Transcribe the lines below exactly. No image belongs in the transcription.

# DATA BLOCK:
——
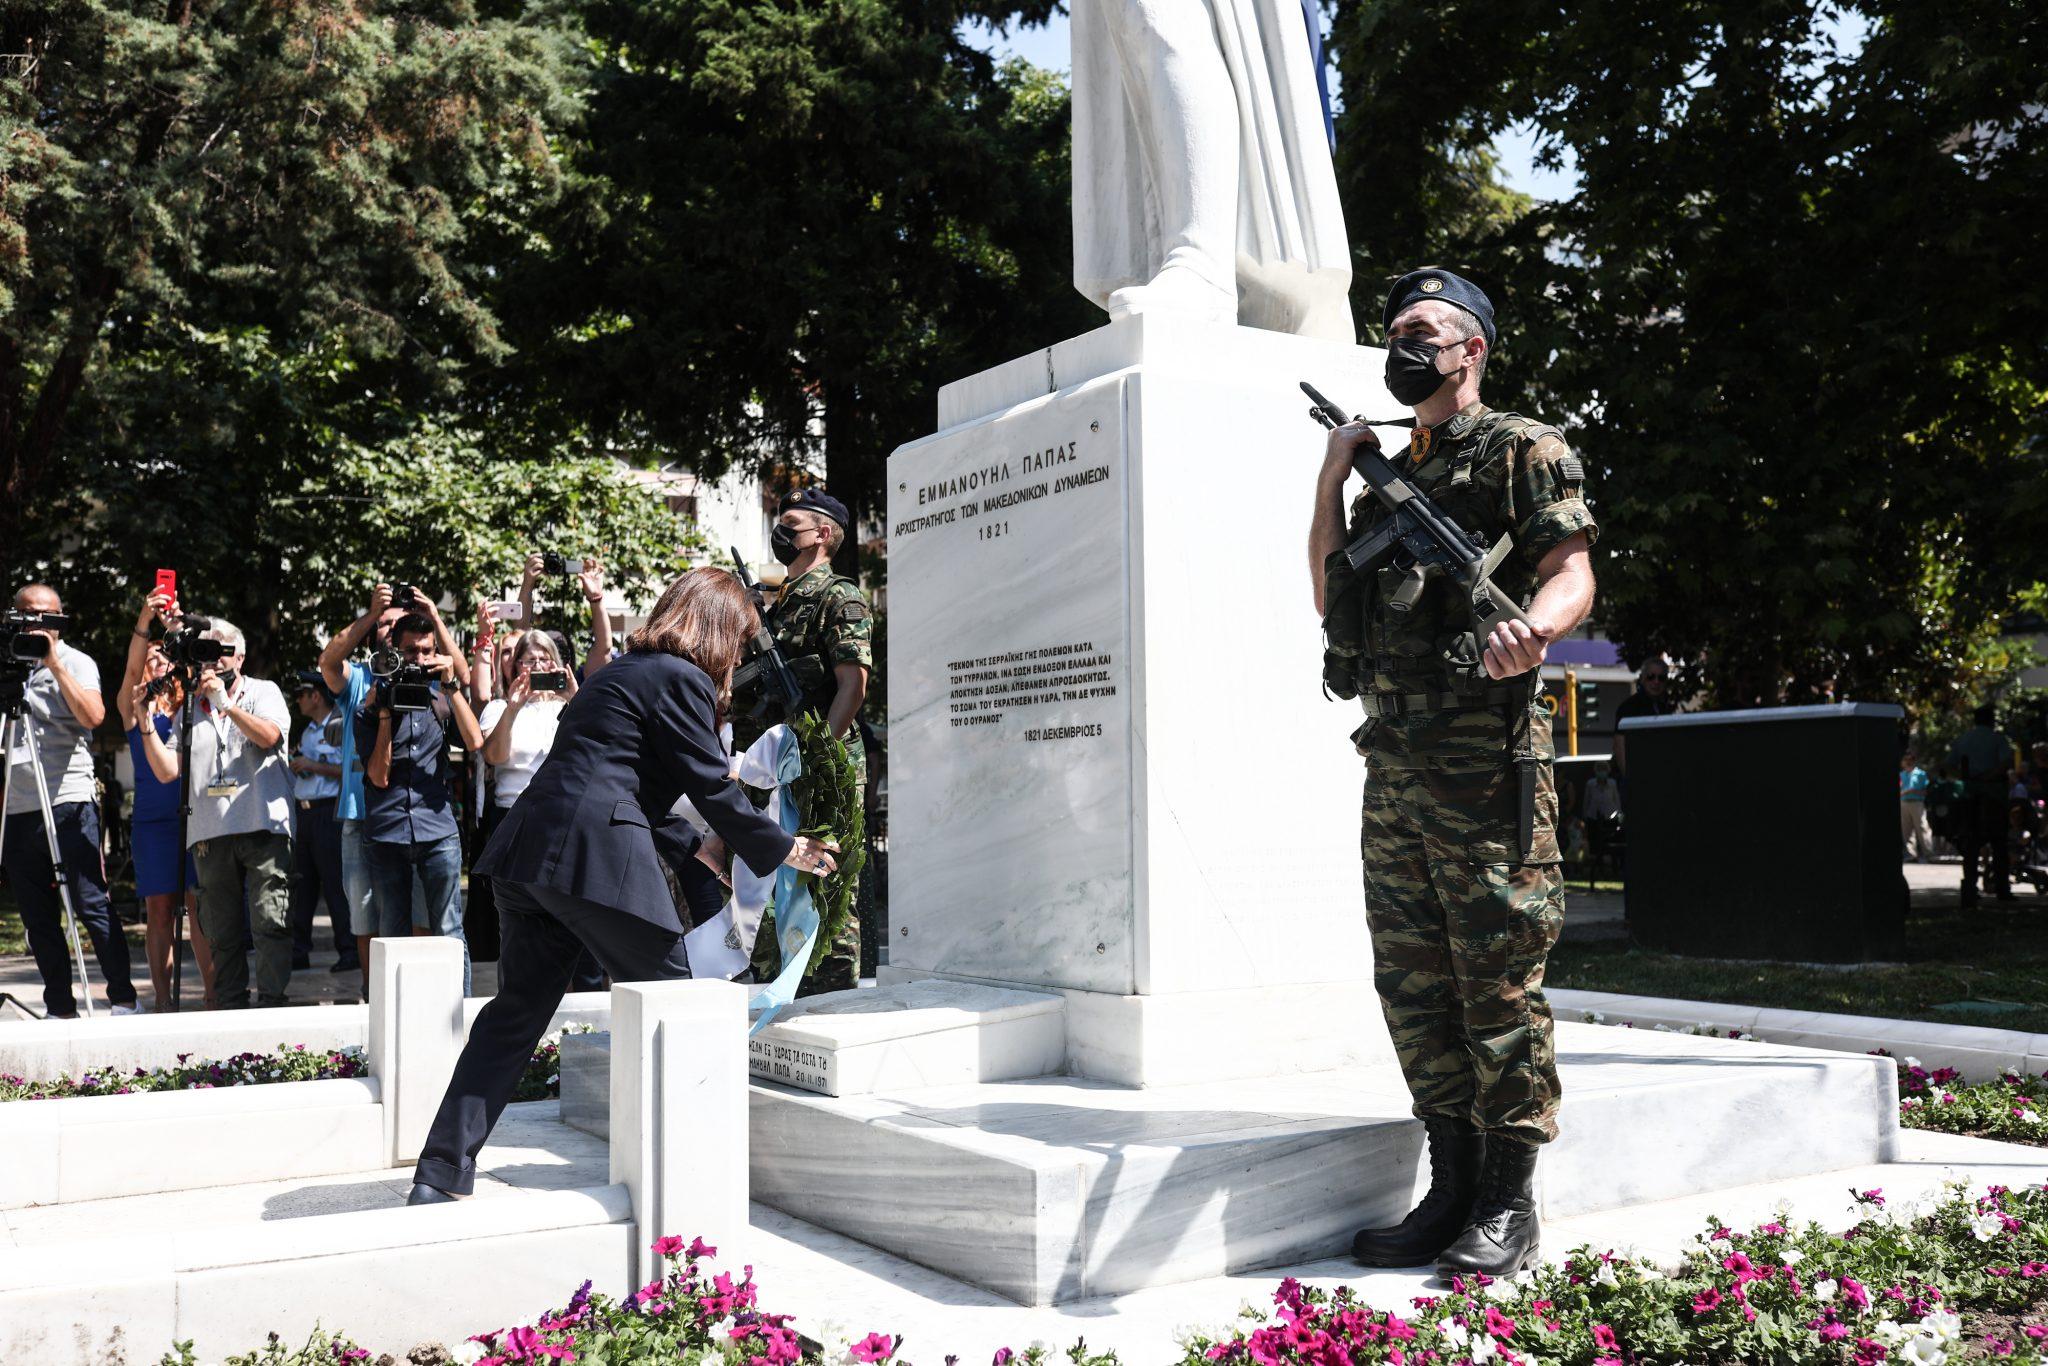 ΠτΔ: Η απελευθέρωση των Σερρών μας εμπνέει και μας εμψυχώνει
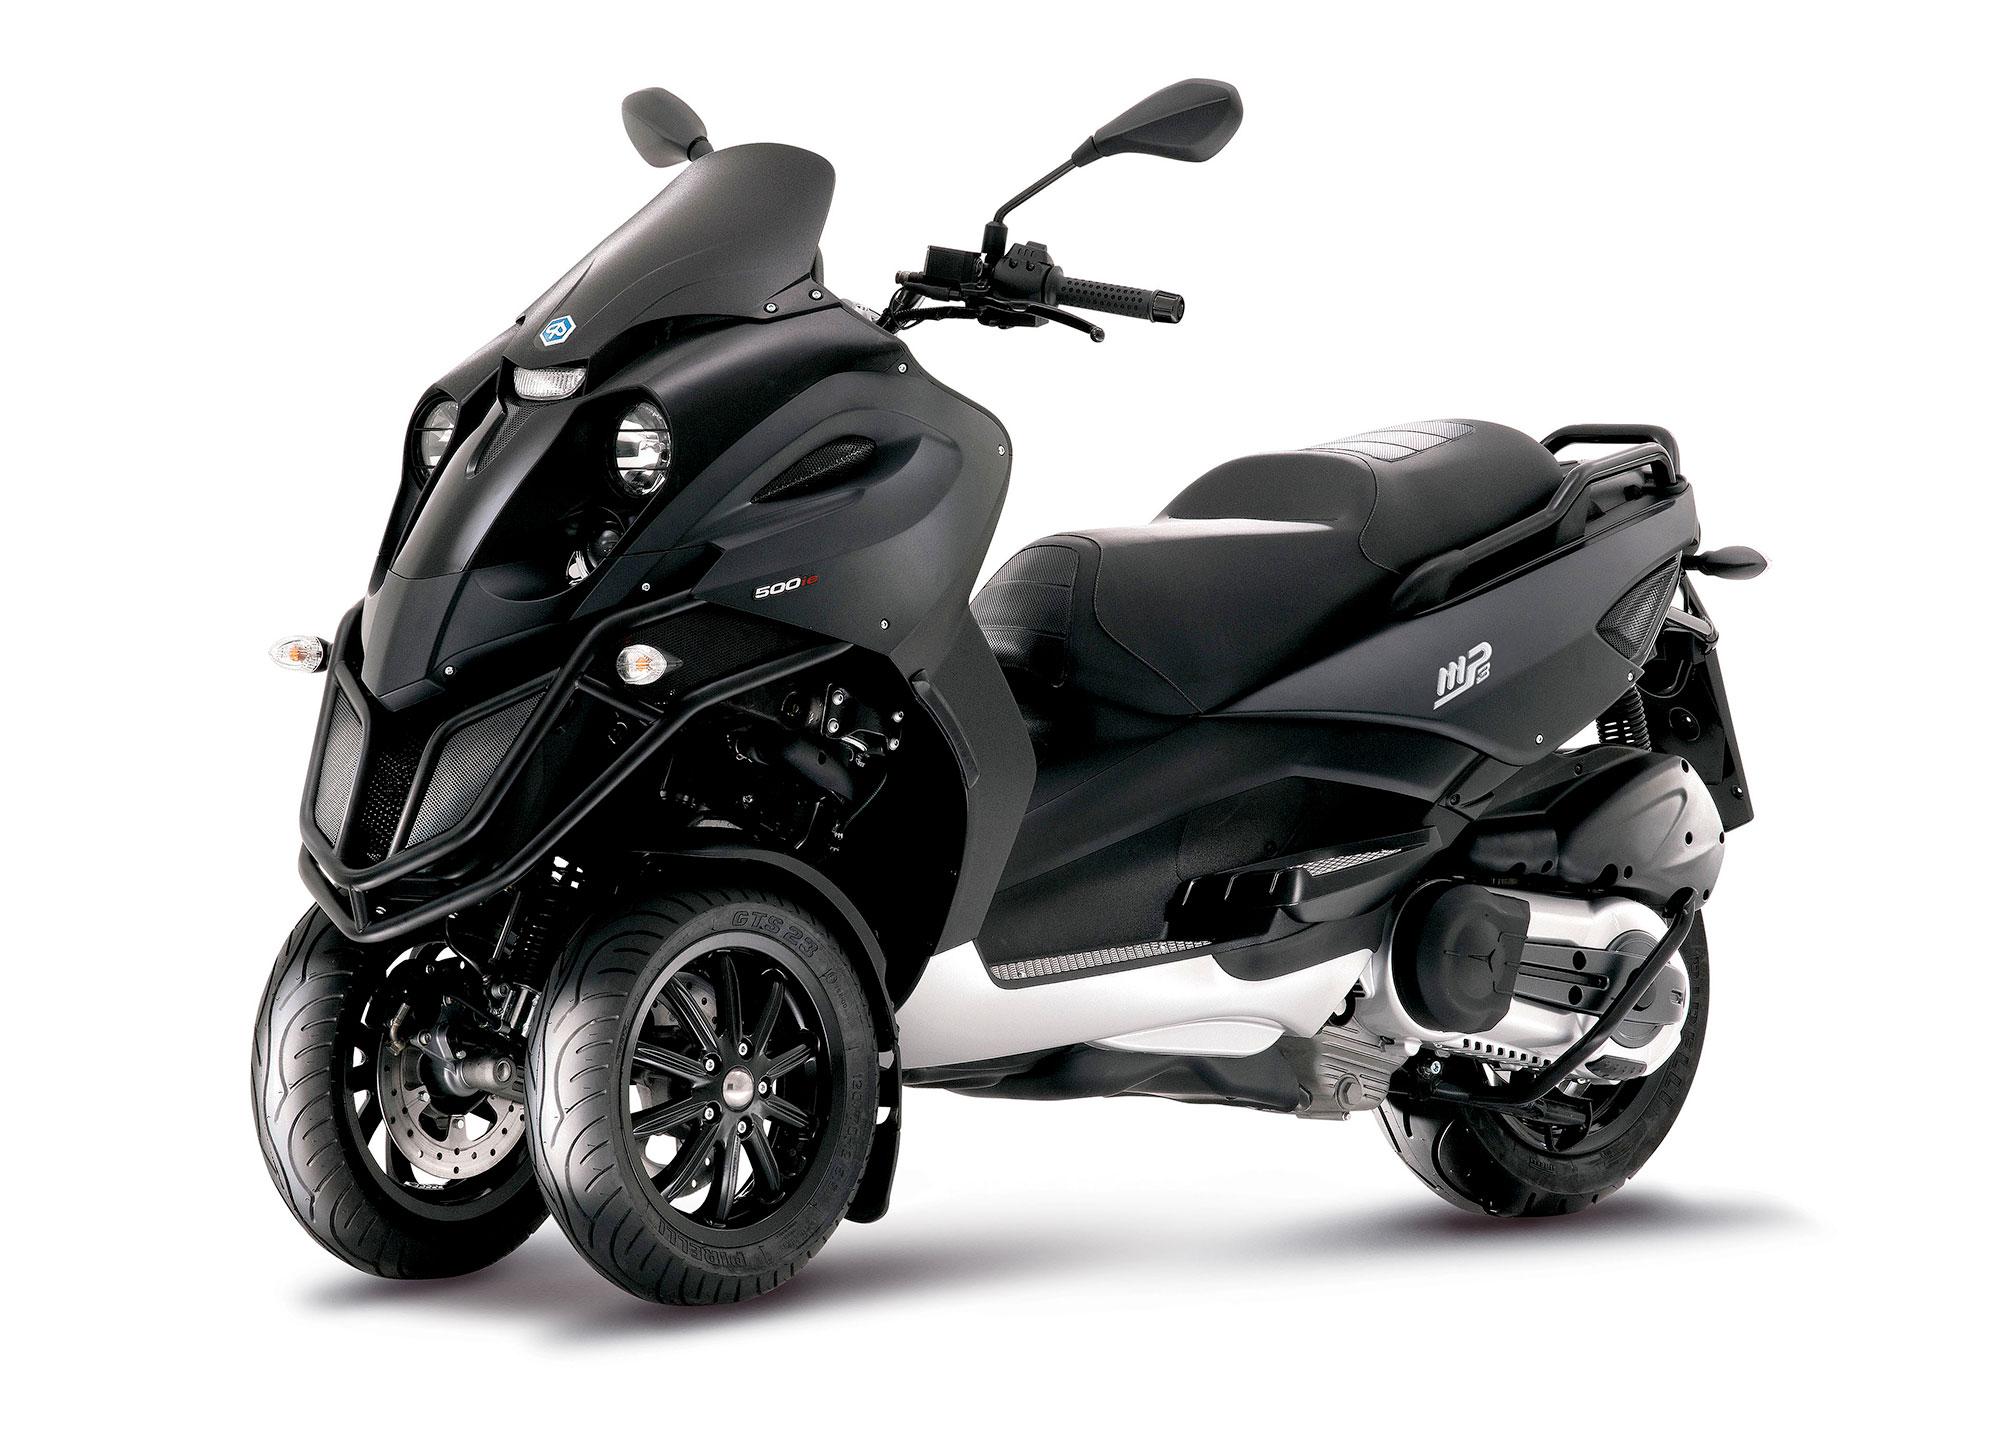 piaggio x10 500 specs - 2012, 2013 - autoevolution
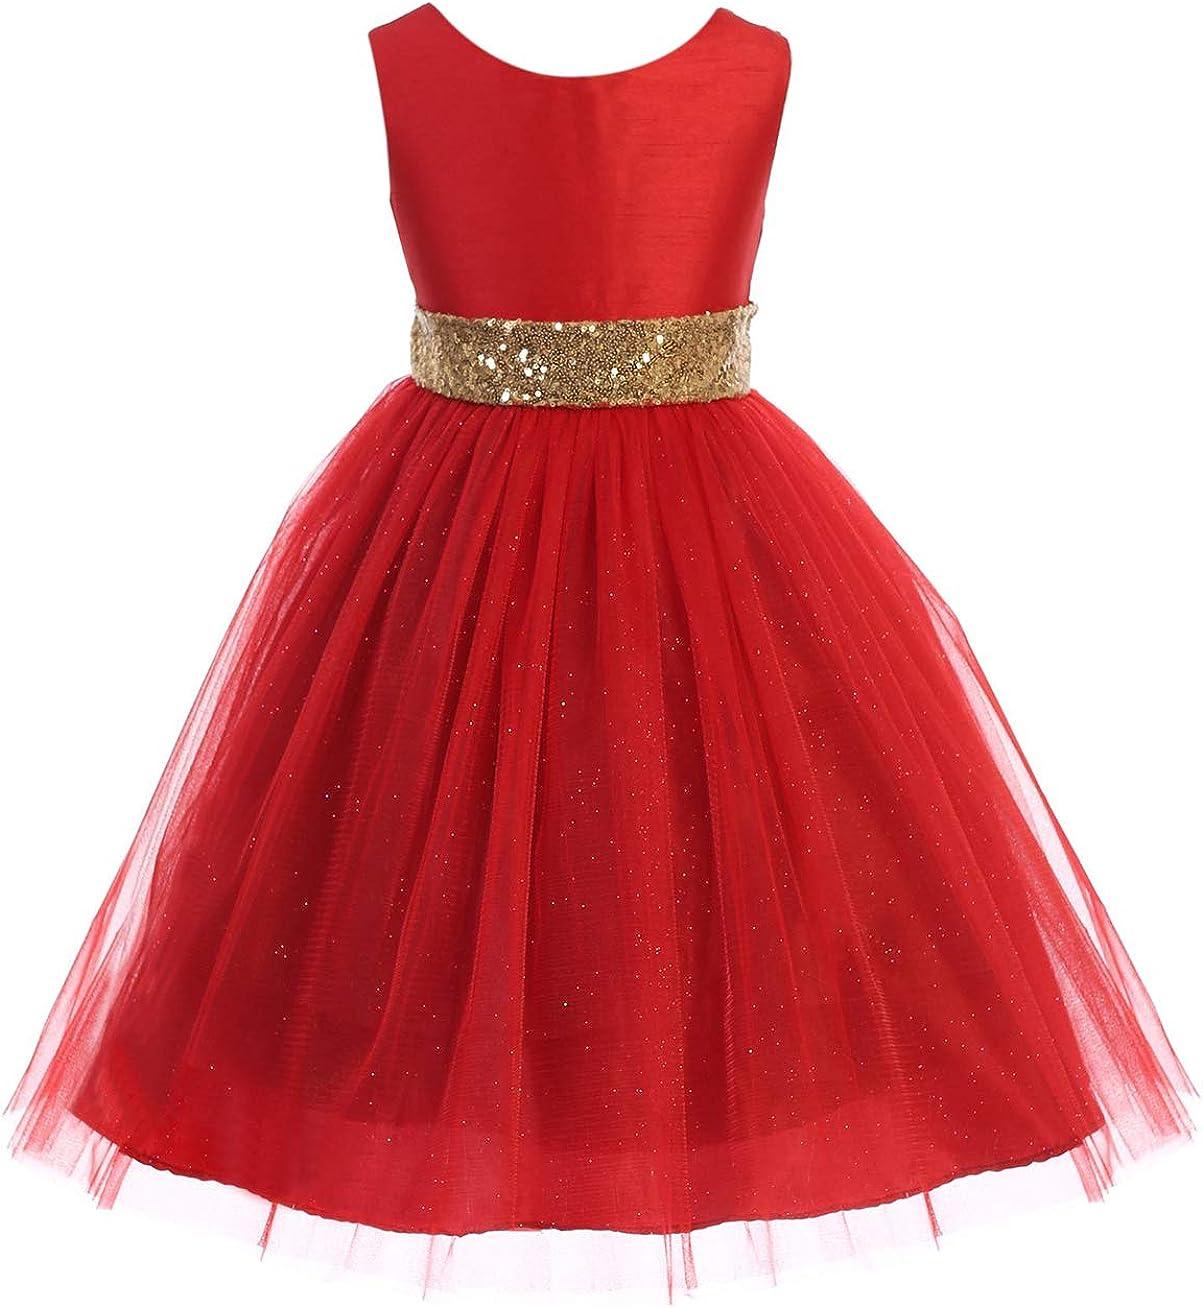 Little Girls Sleeveless Tulle Holiday Christmas Thanksgiving Flower Girl Dress
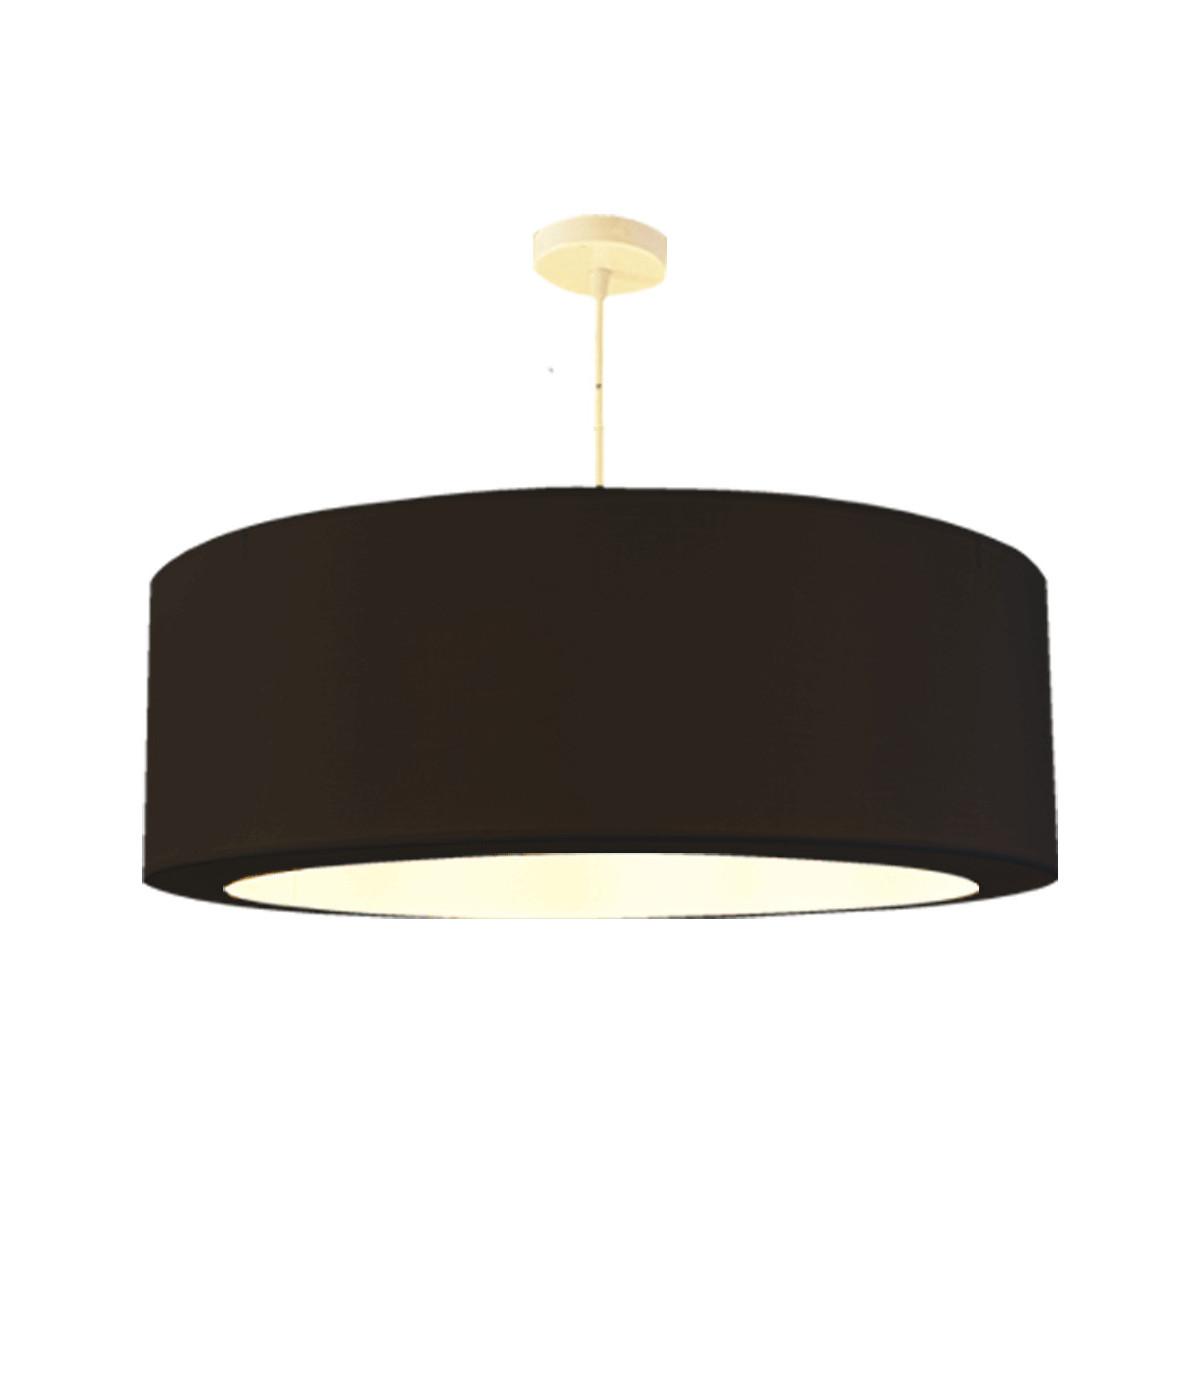 Suspension noir d 65 cm
——
# YOUR SOLUTION:
 ΠτΔ: Η απελευθέρωση των Σερρών μας εμπνέει και μας εμψυχώνει
 piaggio x10 500 specs - 2012, 2013 - autoevolution
 Little Girls Sleeveless Tulle Holiday Christmas Thanksgiving Flower Girl Dress
 Suspension noir d 65 cm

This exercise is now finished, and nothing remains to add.